There are concessions and exceptions provided to these rules. But many of them do not provide real benefits while others are inadequate to protect ‘policy space’. Overall, these exceptions do not provide comfort that the country will avoid adverse effects on the freedom to choose our own policies.
It would thus be risky for Malaysia to implement the CPTPP. There are limited benefits in terms of market access. The non-trade issues involve heavy costs in seriously constraining Malaysia’s policy space in many areas as well as compromising national sovereignty (especially with respect to the investor-state dispute settlement scheme).

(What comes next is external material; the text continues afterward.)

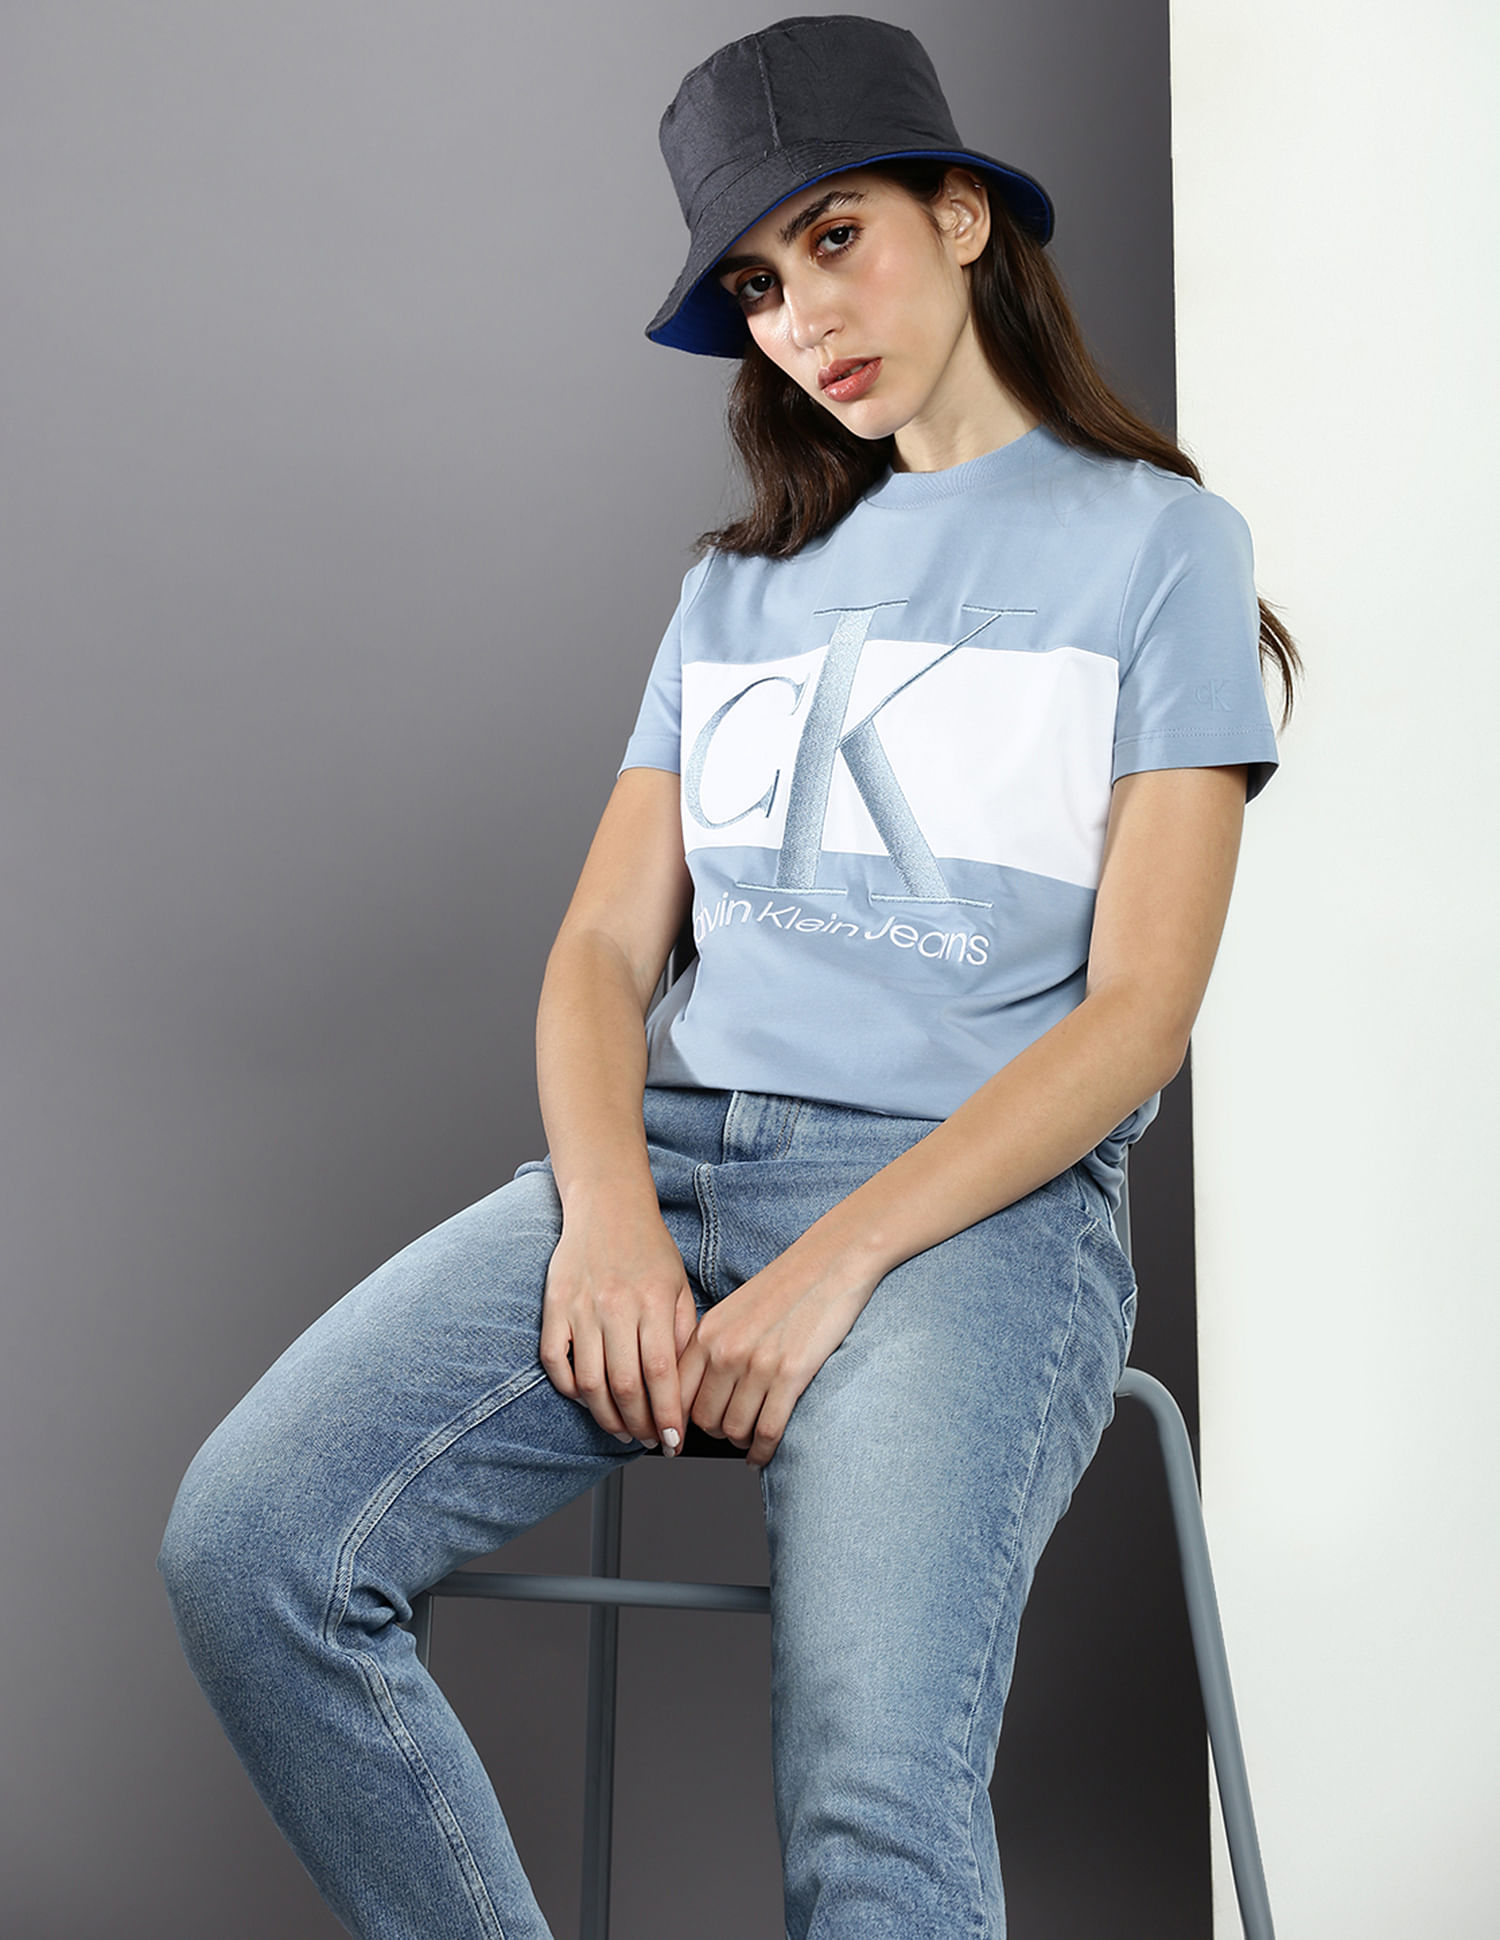 Buy Calvin Klein Women Women White Short Sleeve Logo T-Shirt - NNNOW.com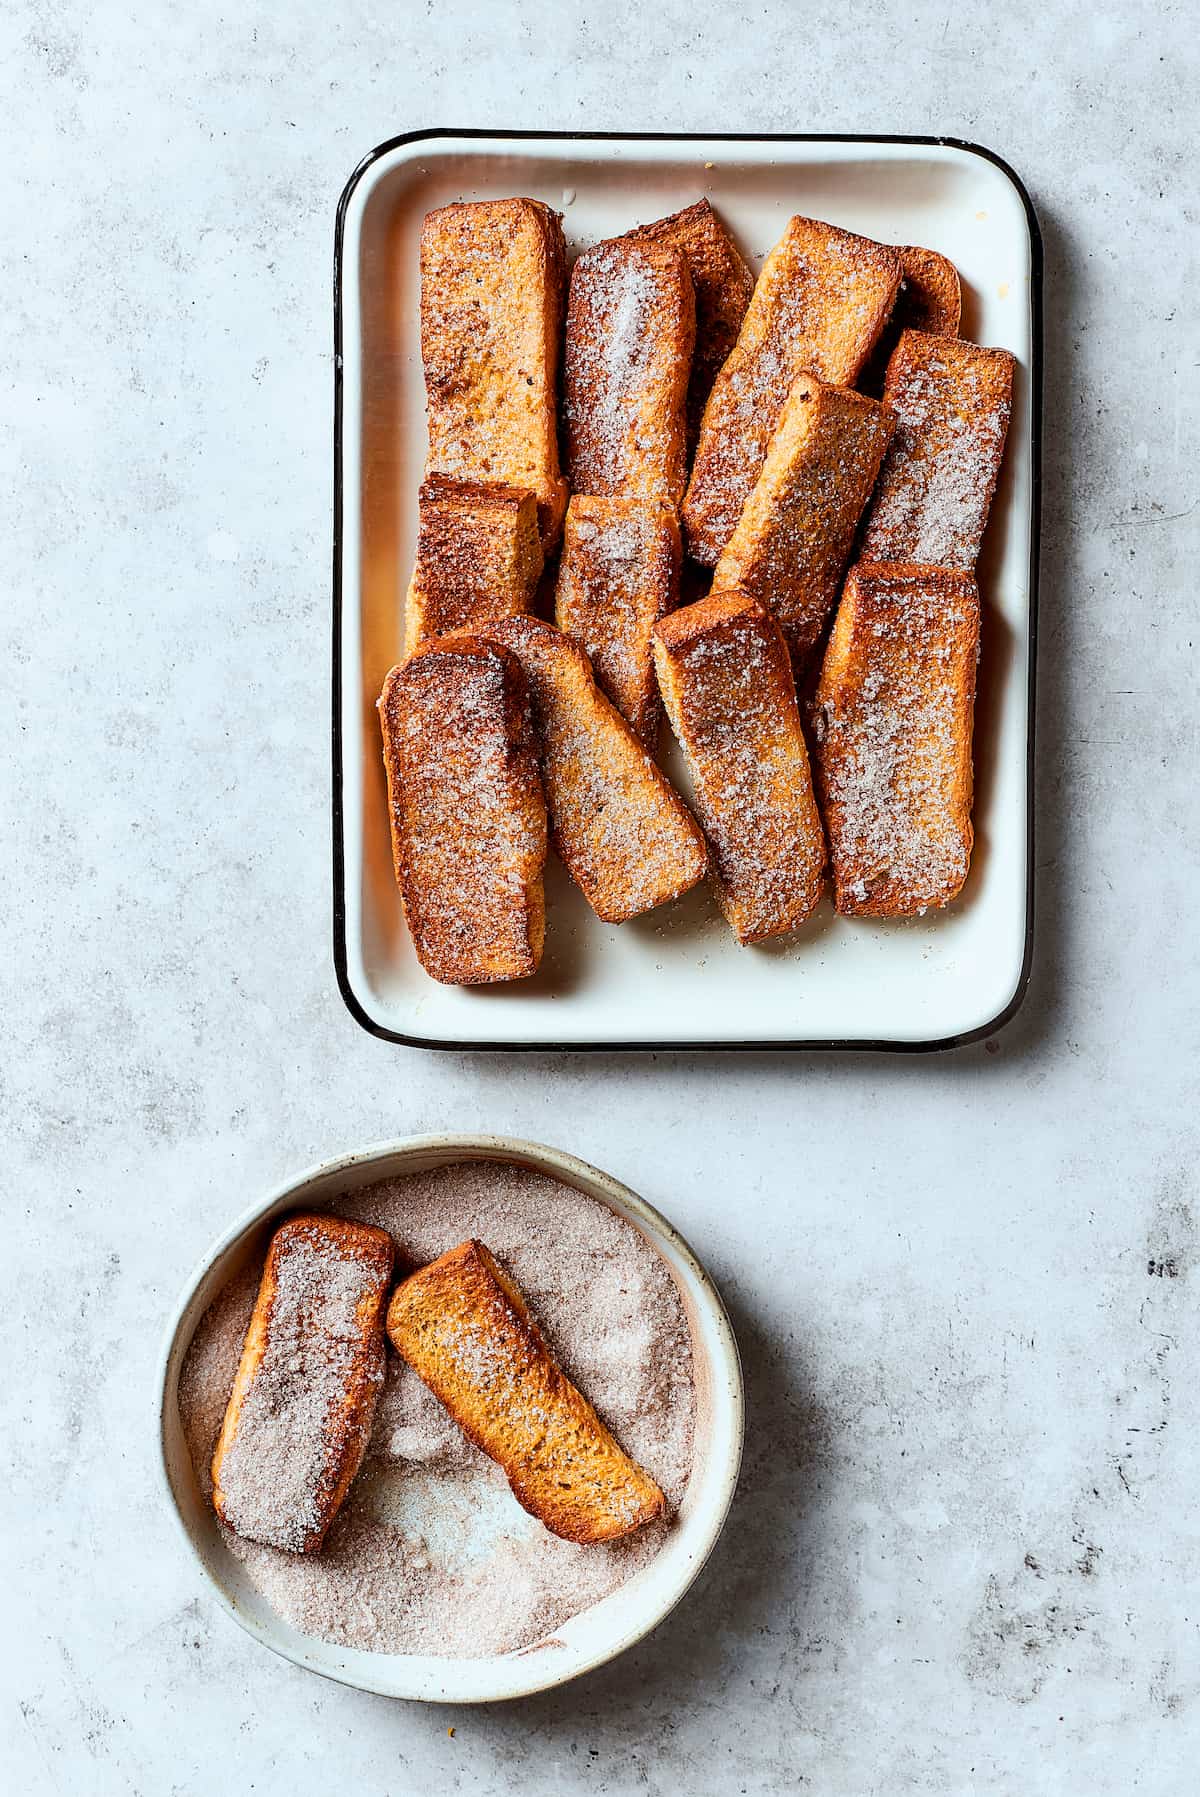 Rolling French toast sticks in cinnamon sugar.

Many policies currently being contemplated by the new government may be constrained by agreements such as CPTPP. These include renegotiating unfair contracts on projects, closing projects that have adverse effects on the environment and on health, boosting local production and reducing imports of food to enhance food security.
Moreover Malaysia has social and political-economy structures that are sensitive, given the multi-ethnic nature of the society. There are imbalances in wealth and income among classes and ethnic communities and among different states.
To bridge the gaps and to address imbalances and inequalities requires the government to have a wide range of policy tools which can be used. Among them are policies in investment, procurement and state-owned enterprises as well as trade in goods and flexibilities in intellectual property rules. Should the CPTPP come into effect, it would be difficult or even impossible to make use of many of the policy options and measures.
Malaysia has signed the CPTPP but not yet ratified it. Government leaders and parliamentarians have to think long and hard whether to ratify it or not. It it does not ratify it, Malaysia need not implement the provisions of the CPTPP, including the elimination of tariffs and the treaty’s rules pertaining to investment, intellectual property, government procurement, state-owned enterprises, etc. It also does not get to enjoy the benefits of extra market access to the other CPTPP countries.
Given the heavy costs and risks of implementing the treaty and the limited gains of extra market access, it would be wise not to ratify.